Verified—they popped a mob dice game.
Jack said five grand, you clip them—I said yes.
I set it up-a shakedown run—”We’ll rob this bookie holding big.” August 6, 1648 North Ogden—the Two Tonys in a ‘49 Dodge. I slid in the backseat and blew their brains out.
“Mob Warfare” headlines—Dragna’s boss torpedo picked up quick. His alibi: Jack D.’s parish priest. Gangland unsolved—let the fucking wops kill each other.
I was paid—plus a tape bonus: a man raging at the scum who hurt his sister. Dragna’s voice-squelched out. My voice: “I will fucking kill them. I will fucking kill them for free.”

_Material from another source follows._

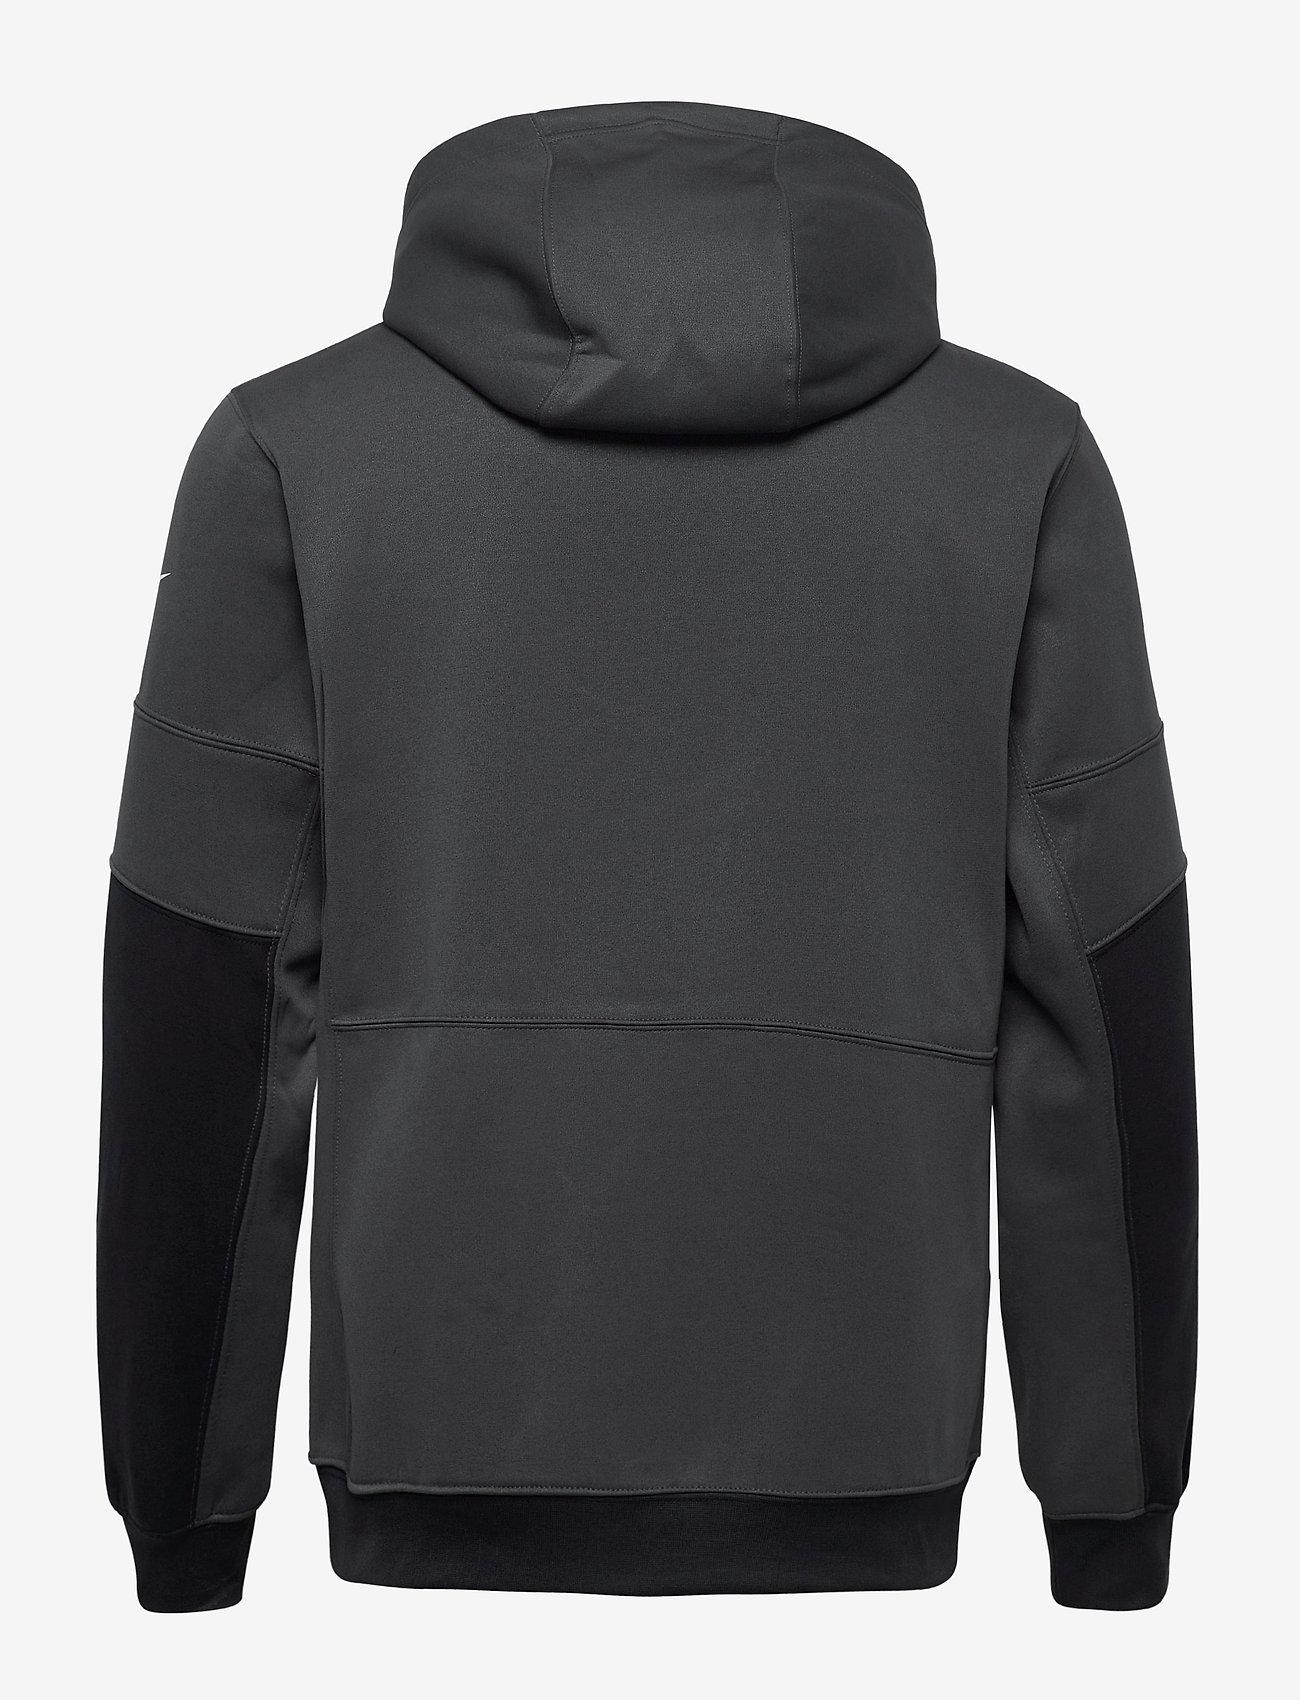 NIKE Fan Gear New York Giants Nike Lockup Therma Full Zip Hoodie - Sweatshirts ANTHRACITE / BLACK - Menn Klær

Mickey Cohen called. Jack said I owed the Outfit—the debt kosher for a few favors. Jack would call, I’d be paid—strictly business.
Hooked.
Called:
June 2, ‘53: I clipped a dope chemist in Vegas.
March 26, ‘55: I killed two jigs who raped a mob guy’s wife.
September ‘57, a rumor: Jack D.—heart disease bad.
I called him.
Jack said, “Come see me.”
We met at a beachfront motel—his fixing-to-die-fuck spot. Guinea heaven: booze, smut, whores next door.
I begged him: cancel my debt.
Jack said, “The whores do lez stuff.”
I choked him dead with a pillow.
Coroner’s verdict/mob consensus: heart attack.
Sam Giancana—my new caller. Mickey C. his front man: cop favors, clip jobs.
Meg sensed something. Lie away her part, take all the guilt. Sleep—restless, sweaty.
The phone-grab it—”Yes?”
“Dave? Dan Wilhite.”
Narco—the boss. “What is it, Captain?”
“It’s… shit, do you know J. C. Kafesjian?”
“I know who he is. I know what he is to the Department.”
Wilhite, low: “I’m at a crime scene. I can’t really talk and I’ve got nobody to send over, so I called you.”
Hit the lights. “Fill me in, I’ll go.”
“It’s, shit, it’s a burglary at J.C.’s house.”